Bob Barnett looks concerned. “I wouldn’t want to lay down on a bed I sprayed with a chemical,” he says.

“It would have to be nontoxic,” says Khubani. “But people spray Febreze all over their sofas and sit on their sofas every day, so I think we can overcome that hurdle in the creative.”

Raj Shahani, vice-president of new-product development, chimes in. “You know what would be a scary shot?” he asks. “Show a beautiful bedroom and then go close and you’ll see all these mites and then see your child is sleeping with them.”

Khubani continues, arguing with himself. “We show people this commercial and they’re going to start itching all over. They will be lying in bed watching TV and they’re going to say, ‘I can’t sleep anymore.’ But the other side is this, everyone is sleeping fine, they don’t really have a problem, do they? Bob, do you have a problem?”

“When you told me the story yesterday, it made me itchy. I think we could get across the idea and that people will go out and buy it,” he says.

“People will think, If I’m not spraying my bed at night, I’m not doing a good job,” says Khubani. “If they don’t spray down once a week, they’ll start to feel itchy, start to feel gross. Should we pursue the research?” Heads nod. “Okay. Thanks.”

Someday, an anthropologist who wants to understand the neuroses and embarrassments of current American life will need look no further than the devices sold via infomercial by Khubani, 47, who has built an empire on guarantees of perfect vegetable slices and freedom from dust. The company’s hits include mini-stairs that allow old or obese pets to climb onto the sofa ($30 million in sales to date), a credit-card-size magnifier-flashlight for aging eyes ($30 million), a bright-lights-and-goo tooth-whitening system ($40 million), a seamless torso girdle ($20 million), and a whirring implement that promises salon-style manicures at home ($30 million).

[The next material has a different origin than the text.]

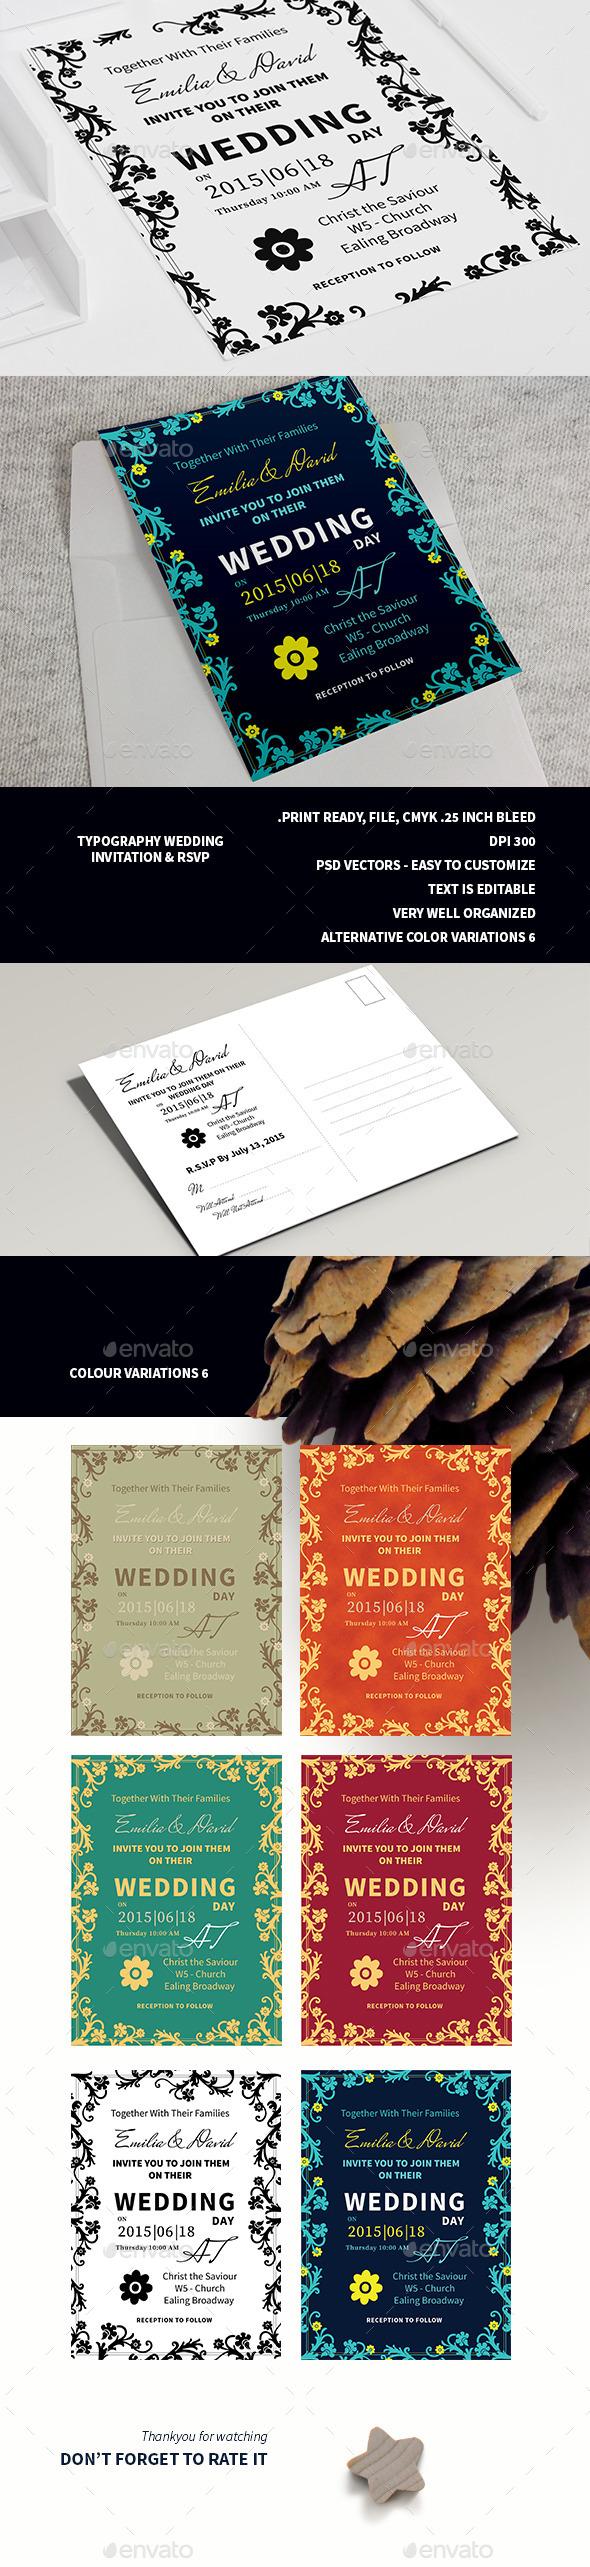 Typography Wedding Invitation & RSVP  - Weddings Cards & Invites

Khubani’s particular talent lies in identifying a certain sweet spot of angst: the unsolved everyday inconveniences that buzz away at a volume that’s just barely audible—recognizable when shown on television, yet not so incapacitating that people have already figured out how to solve them. Telebrands products, as silly as they can be, are a form of therapy, and Khubani a kind of healer—the kind who doesn’t mind padding the bill by treating ailments you didn’t even know you had.